— Ты снова употребляешь?
Когда Марисоль задала вопрос, мозг Эссейла не мог осознать, о чем она спрашивает, и девушка, словно почувствовав это, прошла в ванную и сказала, понизив голос:
— Об этом ты хотел поговорить со мной?
Я — не тот, кем ты меня считаешь. Я другой, не такой, как ты. Внешне я похож на человека, и ты любишь меня таким, но я…
— Эссейл! Марисоль!
Настойчивый голос, раздавшийся снизу, нельзя было игнорировать — это был Эрик, и в его тоне чувствовалась тревога.
Эссейл мгновенно потянулся к ближайшему ящику и достал заряженный пистолет.
— Что?!
— Миссис Карвальо! Она лишилась чувств!
Марисоль бросилась к двери, и Эссейл устремился следом… и только на полпути осознал свою наготу. Вернувшись, он спешно натянул халат… и по привычке оставил пистолет в руке.
Спустившись в кухню, первым делом он увидел резиновую подошву домашних тапочек Миссис Карвальо возле стола. На подошве был выбит антискользящий узор из маргариток, цветы были стертыми и немного грязными.
Она бы не хотела, чтобы их кто-нибудь увидел, мелькнула в голове глупая мысль, когда Эссейл подошел ближе и опустился на колени.
Марисоль уже сидела возле своей бабушки и судорожно взывала к женщине.
— Вовэ?
Она то и дело переключалась на испанский, слова наслаивались друг на друга, как охваченный паническим страхом табун лошадей, которые топтали более слабых особей.
— Что случилось? — требовательно спросил Эссейл.
Эрик покачал головой.
— Мы готовили у плиты. Она сидела здесь. Мы услышали странный звук, а потом она упала со стула.
— Звони Доктору Манелло…
Когда Эрик выхватил телефон и отошел в сторону, Эссейл прикоснулся к руке Марисоль. Когда она посмотрела на него, он сказал:
— Мы вызовем врача. Немедленно.
Марисоль сморгнула слезы.
— Мы не можем везти ее в больницу. В обычную больницу. Мы не… она здесь нелегально. Нельзя рисковать, ее депортируют.
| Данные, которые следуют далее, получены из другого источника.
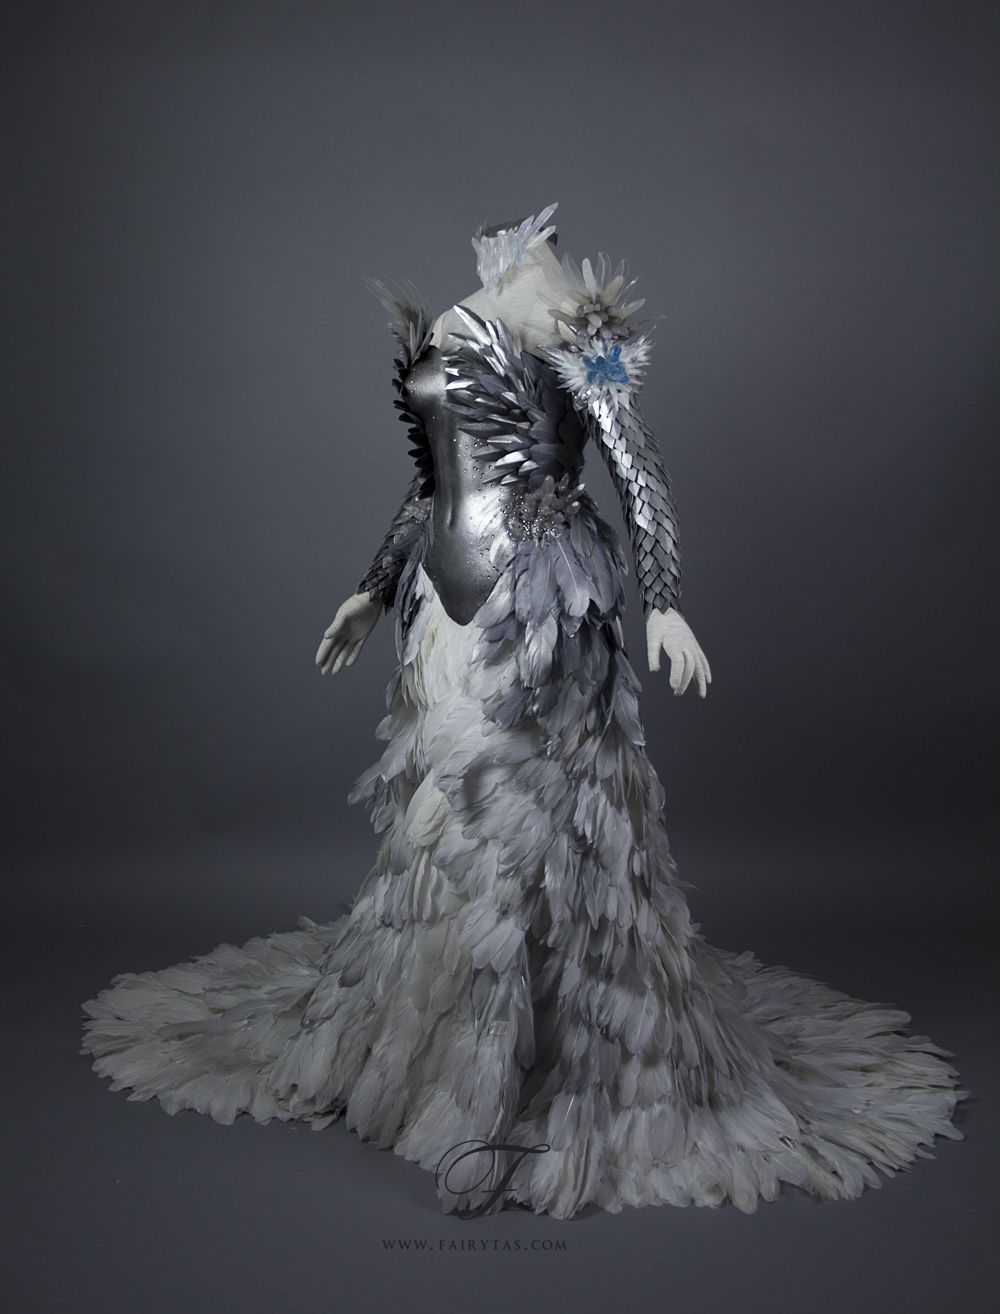 Crystal ice dragon

— Не волнуйся. Мы позаботимся обо всем.
Когда Марисоль сосредоточилась на своей бабушке, Эрик подошел к Эссейлу и сказал на ухо:
— Доктор Манелло немедленно отправляет к нам медсестру. Он на машине выехал сюда, Док Джейн, по всей видимости, занята…
Раздался резкий стук в дверь, а потом женский голос:
— Это Элена.
Эвейл с Маркусом одновременно бросились к двери, и медсестра не тратила времени зря, обойдя стол и поставив сумку на пол.
— Марисоль, привет, — поздоровалась женщина. — Как зовут твою бабушку?
— Миссис Карвальо. — Марисоль похлопала по руке, которую держала. — Правда, вовэ, ведь тебя так зовут.
— Заболевания или особенности организма, о которых я должна знать? — спросила медсестра, достав манжету для измерения давления и стетоскоп.
— Нет, ничего, — ответила Сола.
— Она принимает какие-нибудь лекарства? — Когда Марисоль покачала головой, медсестра сказала: — В последнее время были недомогания?
— Нет. Она полностью здорова…
Эссейл отступил назад, становясь рядом с кузенами и Маркусом. Медсестра работала эффективно, но по ее лицу невозможно было ничего понять, пока она продолжала задавать вопросы, и Марисоль пришлось немного отстраниться, чтобы дать место женщине.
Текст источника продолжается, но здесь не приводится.